How many officers were in DROP before arbitration seven (7) and after arbitration 22 officers have signed up.

  • Compensatory time may be used to pay for health insurance co-pays provided same is paid in full at one time.
  • Compensatory hours in excess of 240 maybe converted to furlough time up to (48) hours/ 6 full days eight hour shift or 4 full days twelve hour shift.
  • Compensatory hours in excess of 240 hours maybe converted to sick time (1800 hours/225 day maximum)
  • Effective july 1 2009 and current employee is also permitted to purchase a combined maximum of up to (60) months service credits. The cost per employee shall be five percent (5%) of employees base wage as provided in article 16 for the first (48) months
  • 16.3 Longevity pay police officers will be paid longevity.
  • Article XVII uniform allowance 2% of that employees base wage payable on or before the 30th day of June annually.
  • An officer can accumulate up to 240 hours compensatory time.
  • Court time if an officer has to appear in court other than such officers regular time they will be paid time and half.
  • An officer may bank up to 240 hours vacation time to be used for determining the employees final average compensation.
  • The city gives each officer 1 sick day each month that is 12 extra sick days a year.

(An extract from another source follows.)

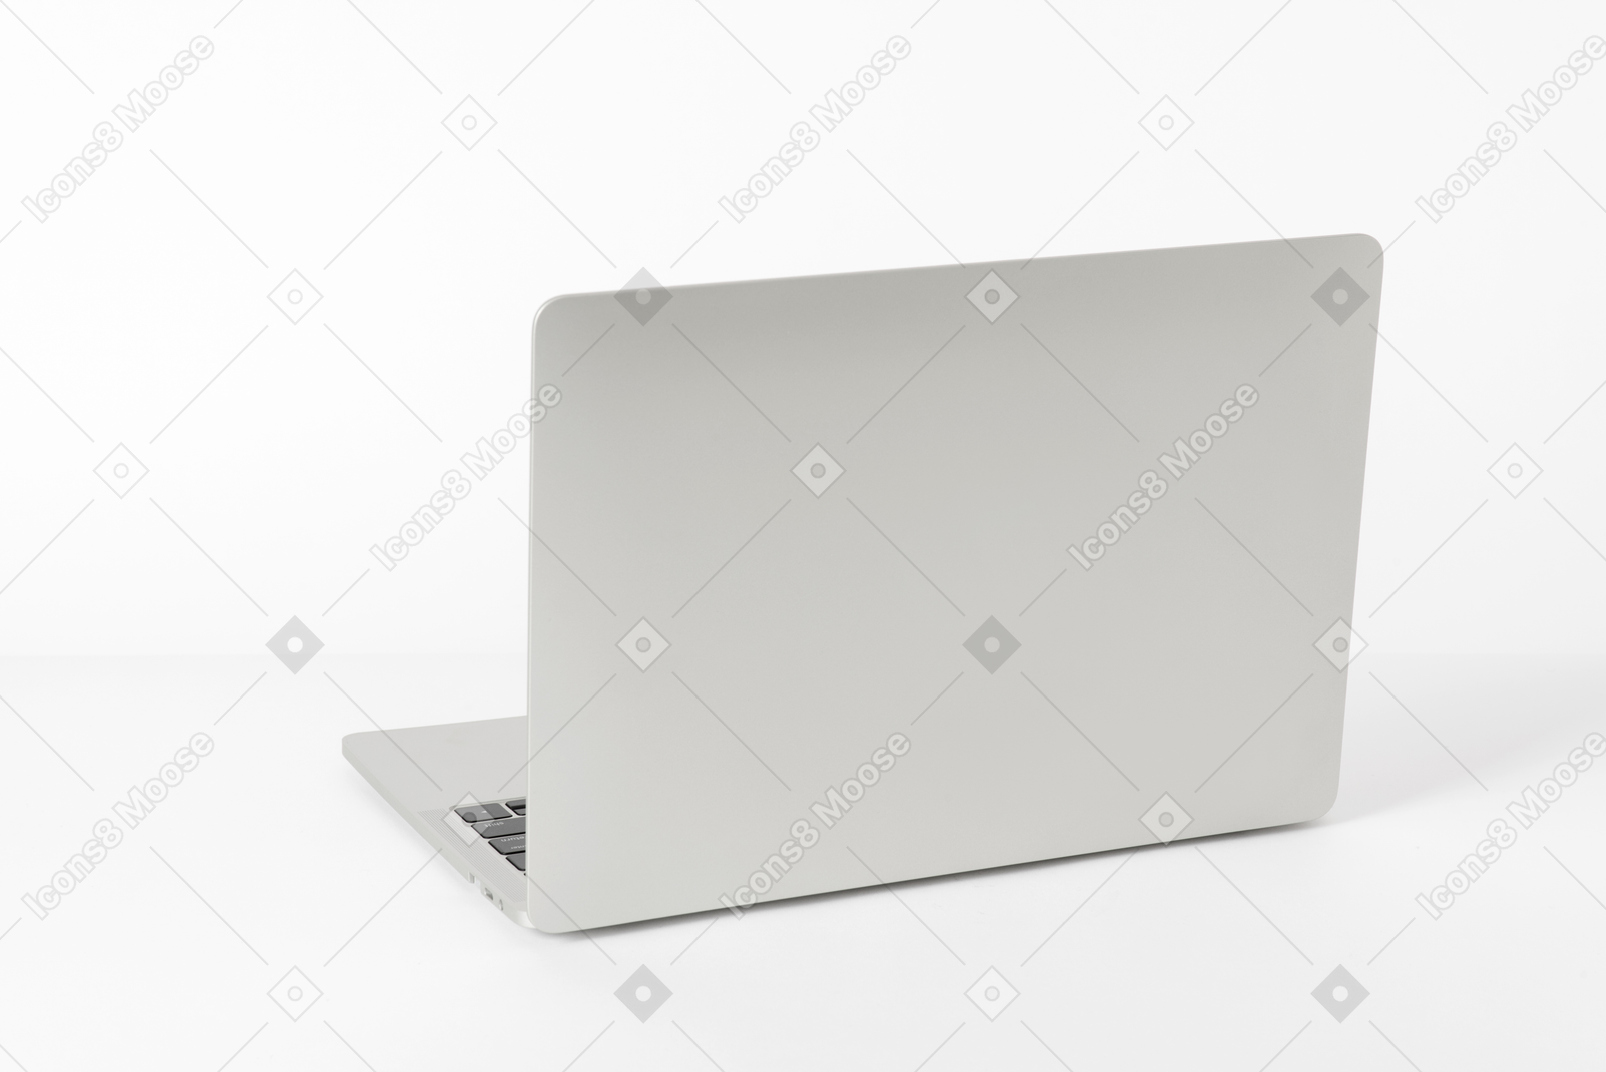 Opened laptop on a table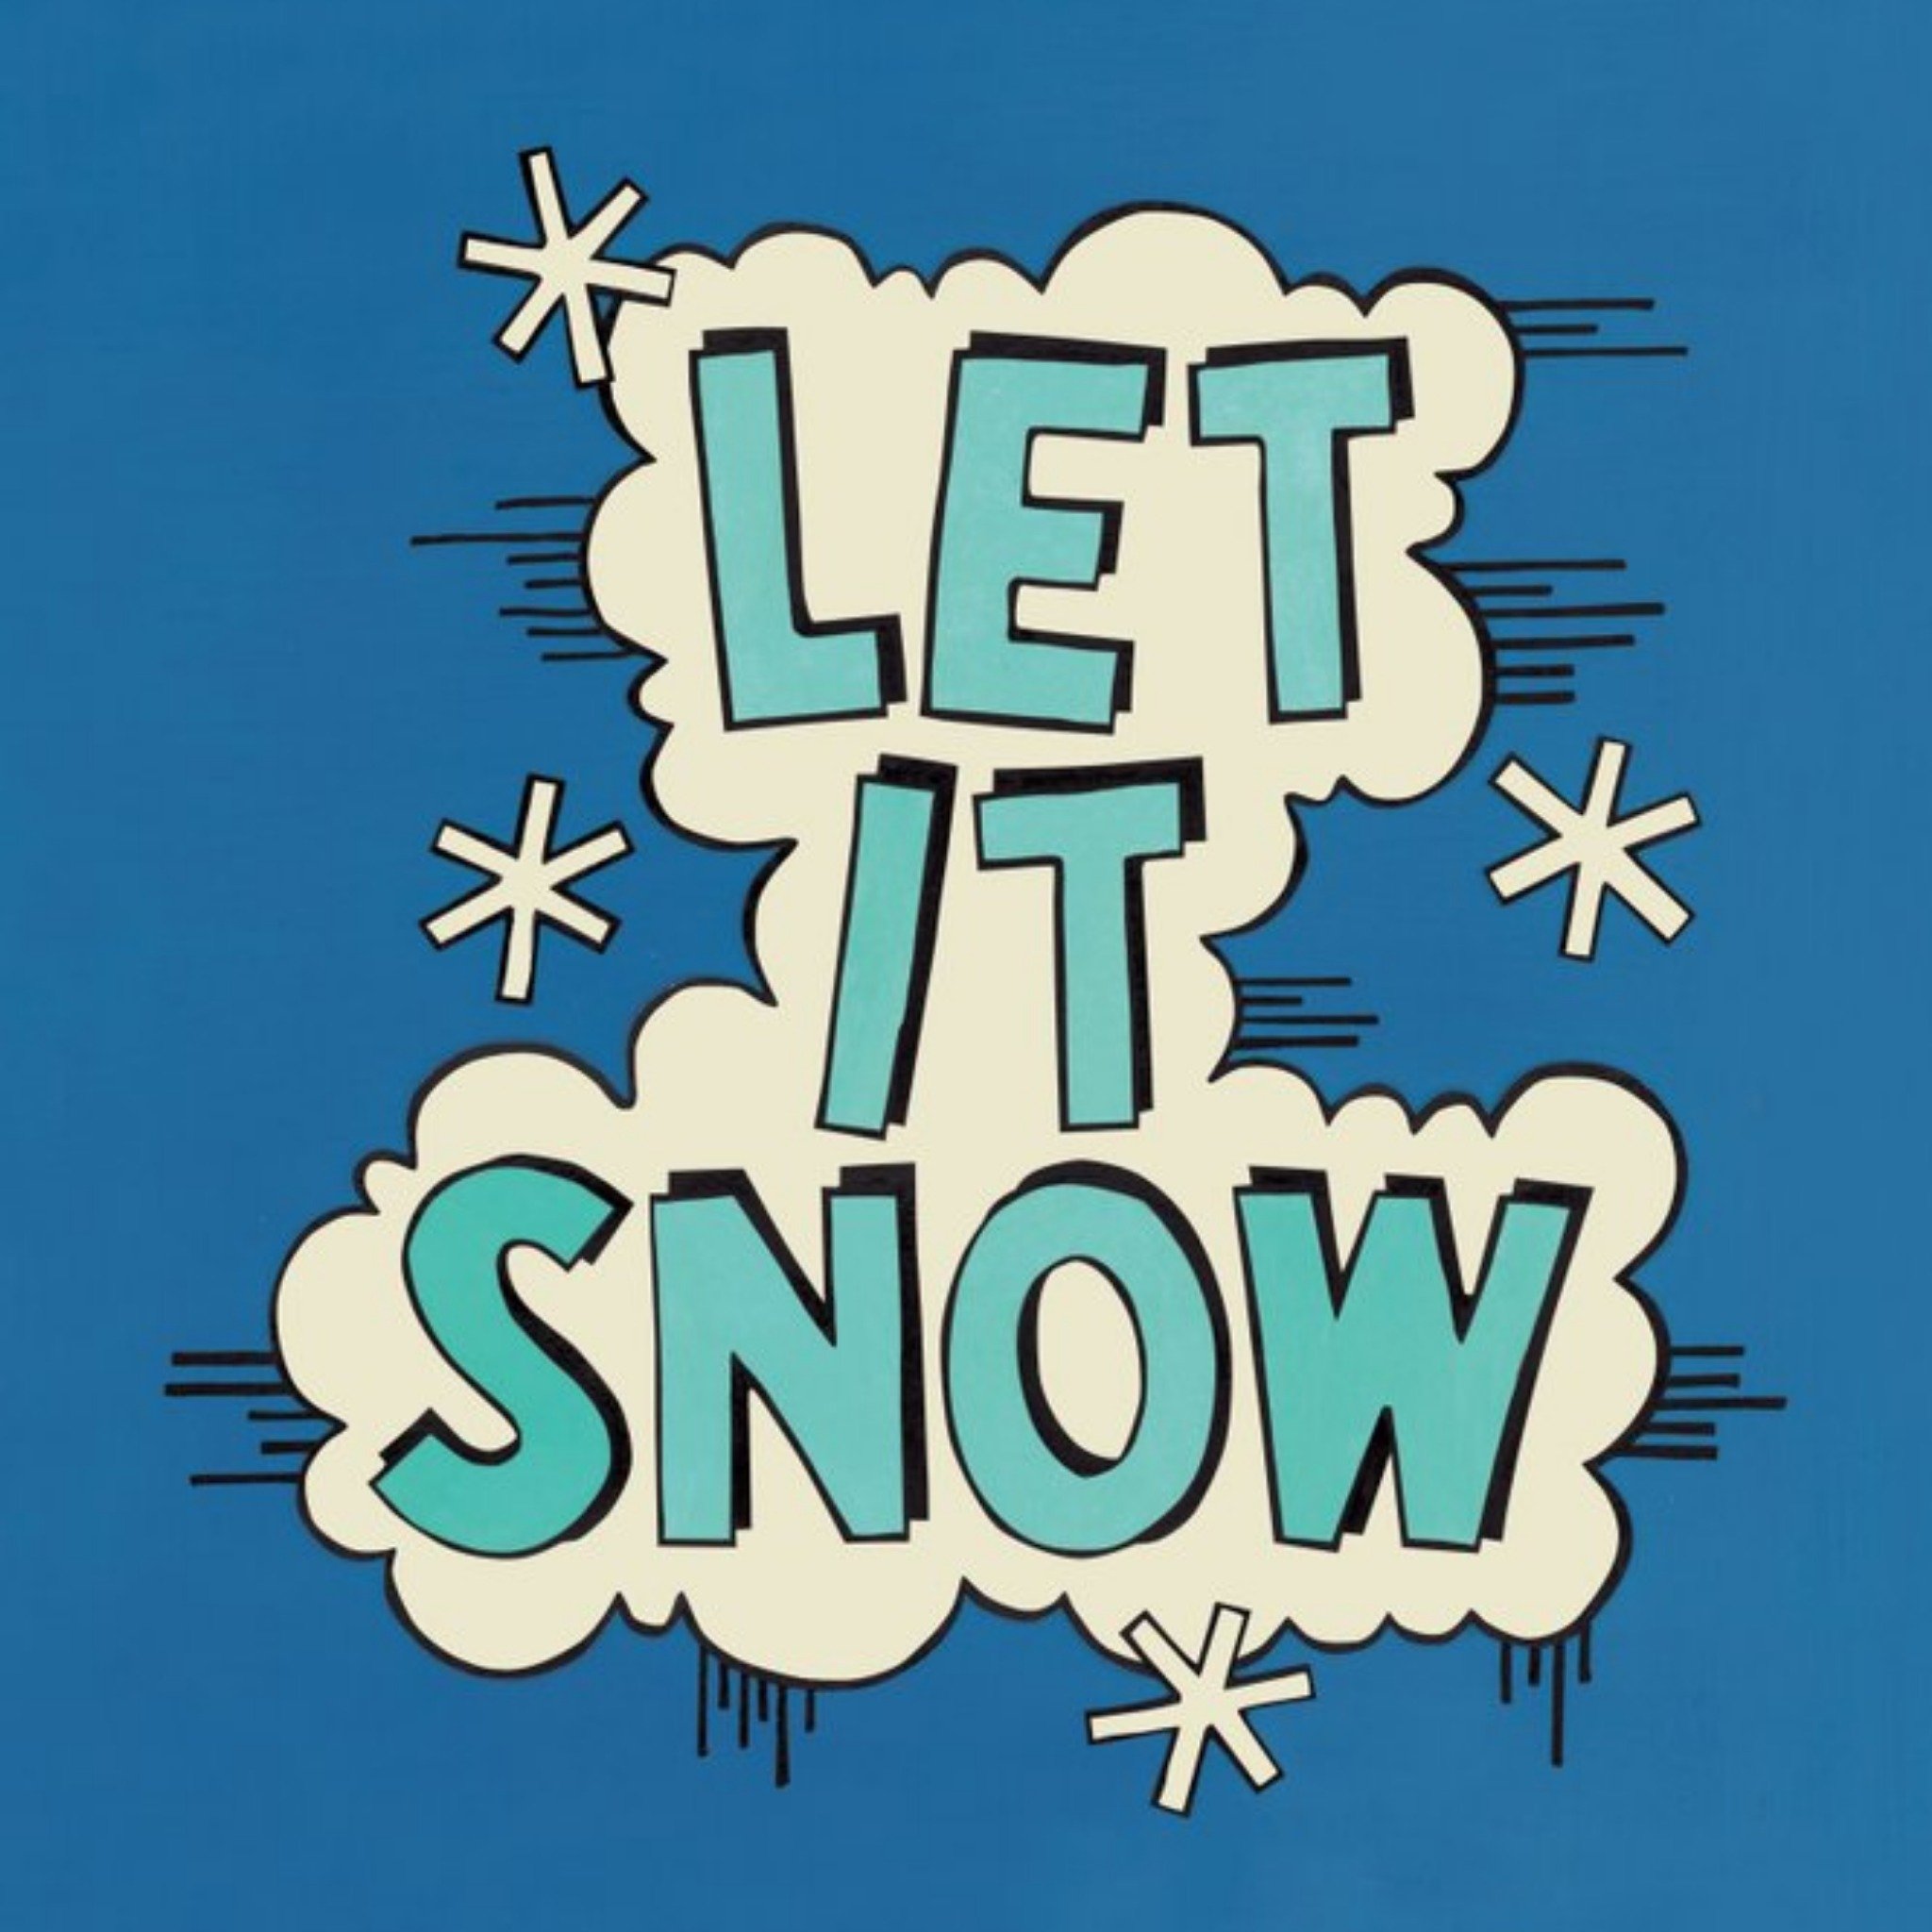 Moonpig Comic Book Style Let It Snow Christmas Card, Large

These are just a few of the things I thought you might find interesting. Most of these things can be put in their DROP or pension including their uniform allowance. Interesting thing use to be the highest 3 years out of 10 years to calculate their pension. They now can use the highest 3 out of all the years they are on the force. That is a huge difference, and the possibilities are far reaching.

I will keep reading and post what else I find out.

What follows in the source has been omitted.